INFORMATION SUPPLIED
#####

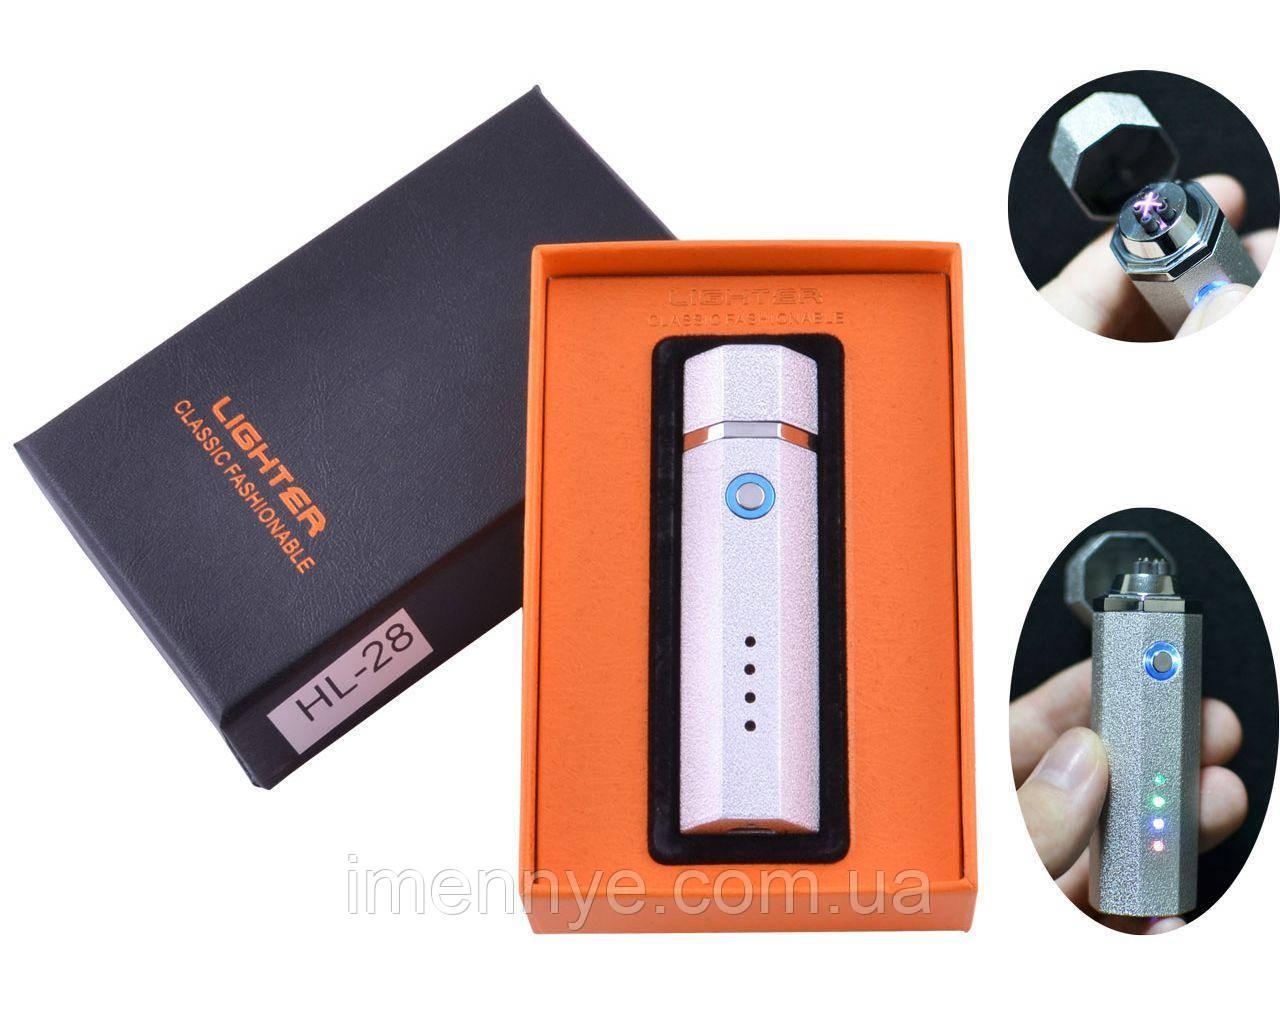 Подарочная USB зажигалка с подсветкой
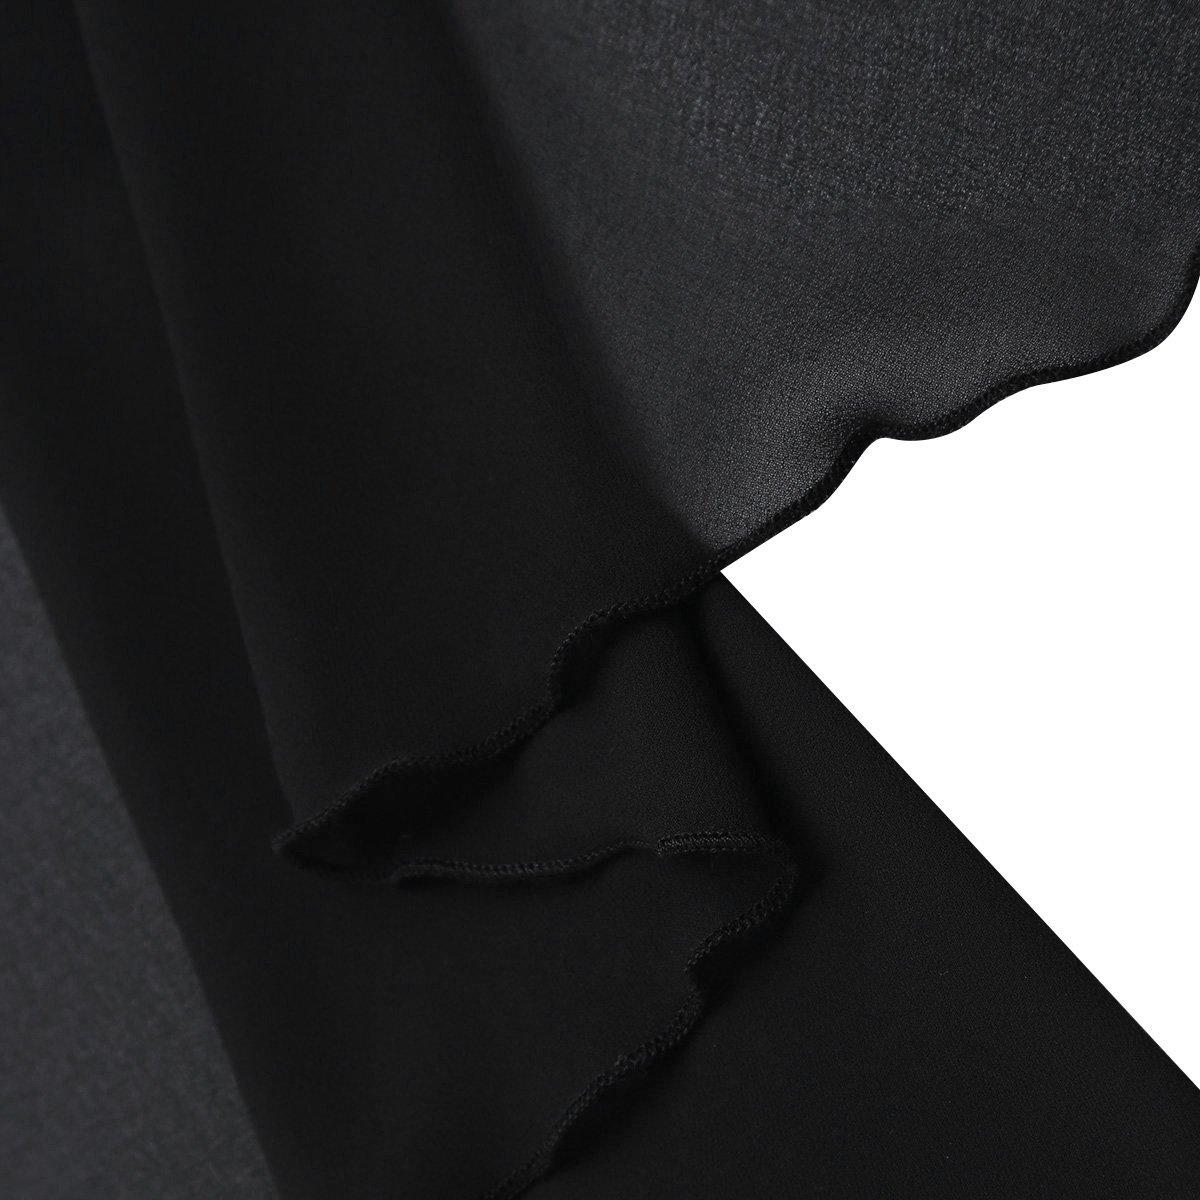 Agoky Femme Fille Asym/étrique Jupe de Danse Classique Tutu Courte Jupe de Ballet Latine Mousseline Jupe de Sport Gym Yoga Patin Jupe Soir/ée C/ér/émonie Bal Wrap Skirt Dance
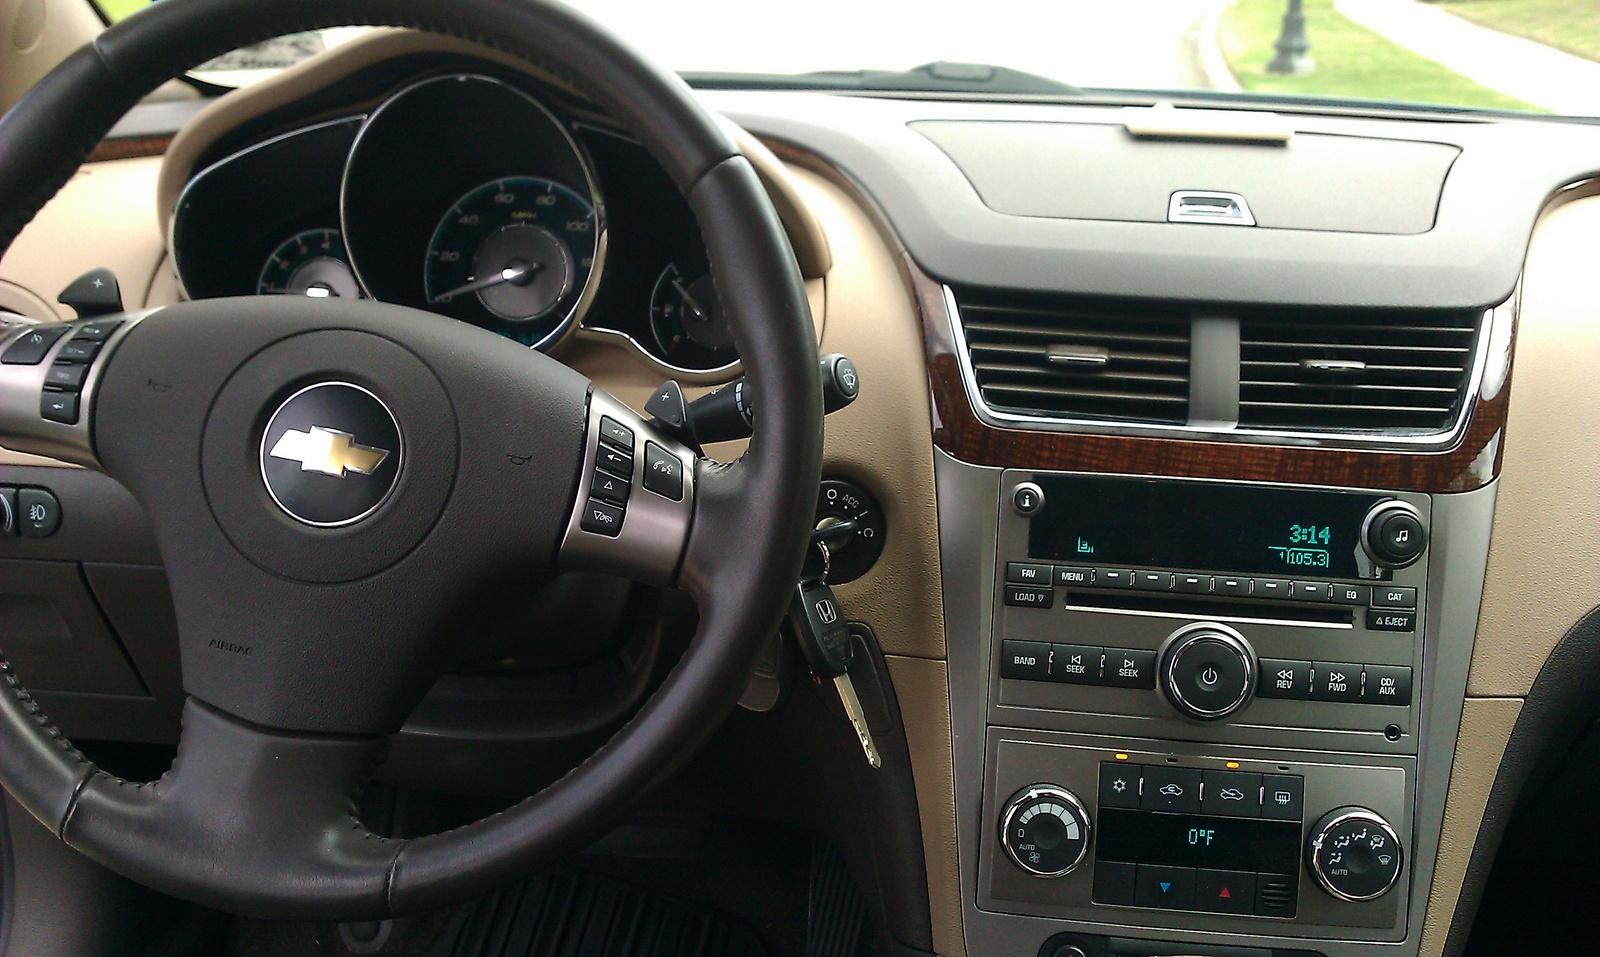 2009 Chevrolet Malibu Interior 2009 Chevrolet Malibu Ltz
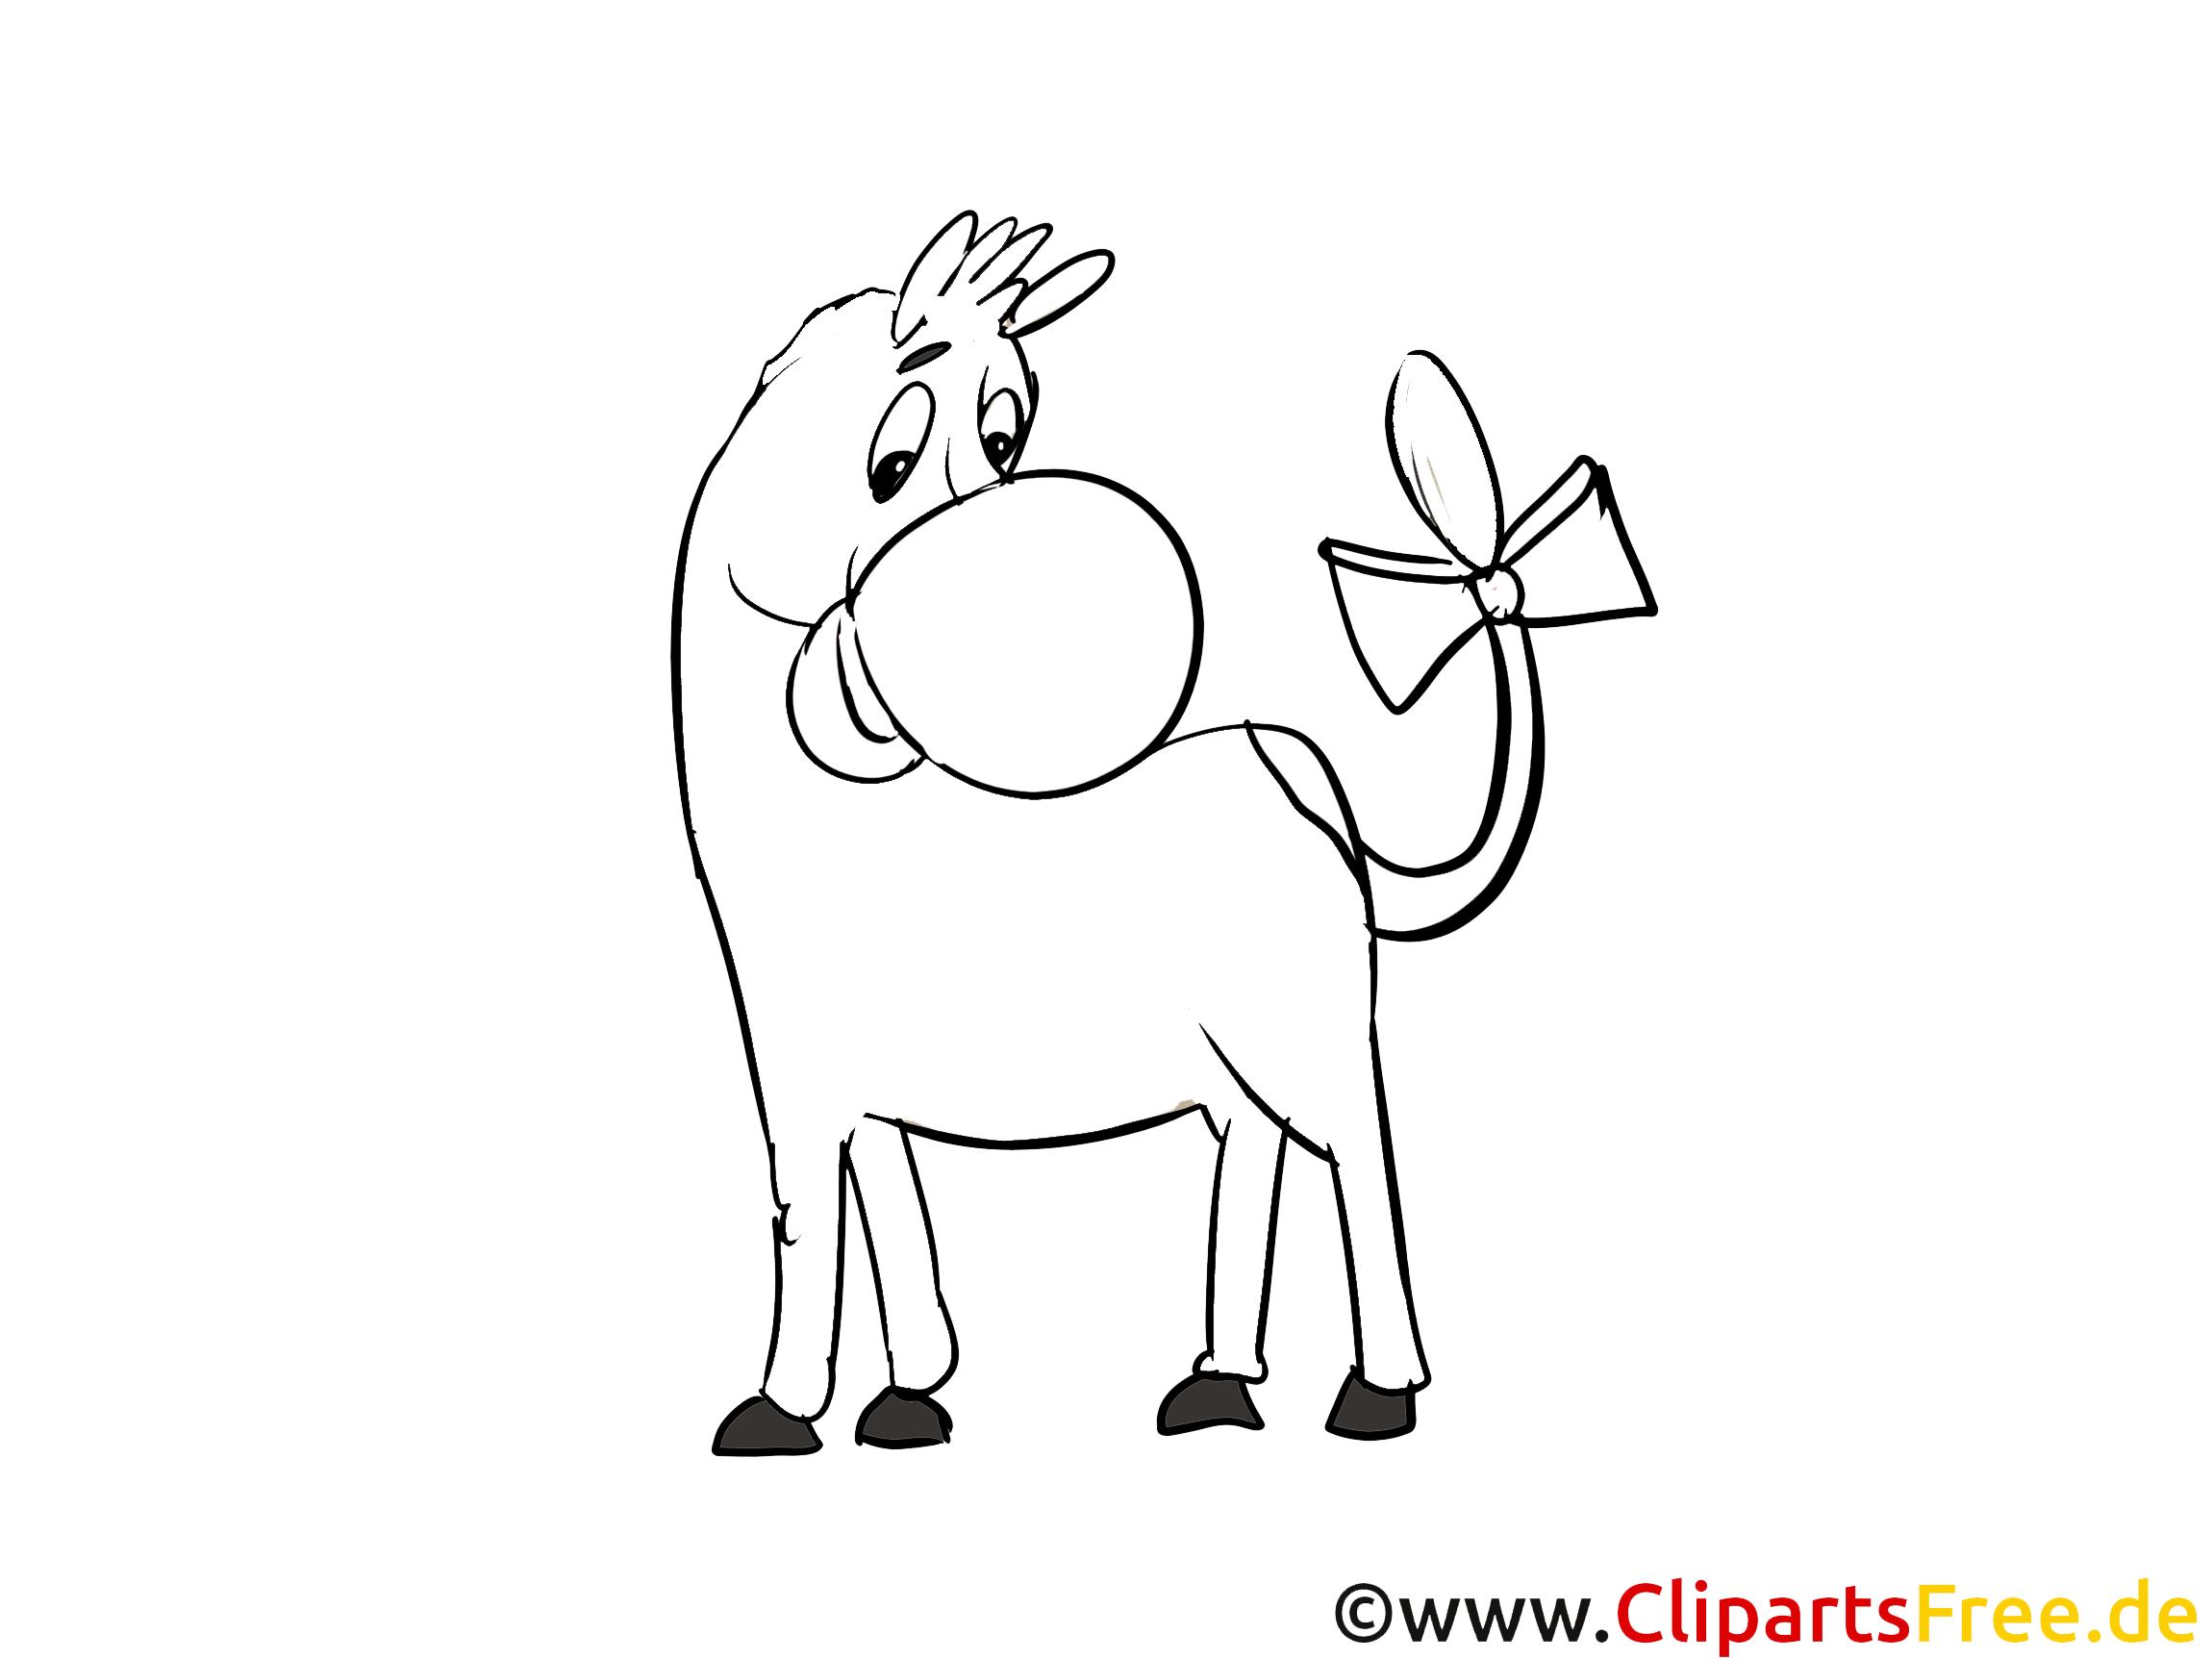 Das Pferd Ausmalbild kostenlos

#####

PROMPT
Reproduce the data word for word, excluding its pictures.

EXERCISE OUTPUT
 Подарочная USB зажигалка с подсветкой
 Agoky Femme Fille Asym/étrique Jupe de Danse Classique Tutu Courte Jupe de Ballet Latine Mousseline Jupe de Sport Gym Yoga Patin Jupe Soir/ée C/ér/émonie Bal Wrap Skirt Dance
 2009 Chevrolet Malibu Interior 2009 Chevrolet Malibu Ltz
 Das Pferd Ausmalbild kostenlos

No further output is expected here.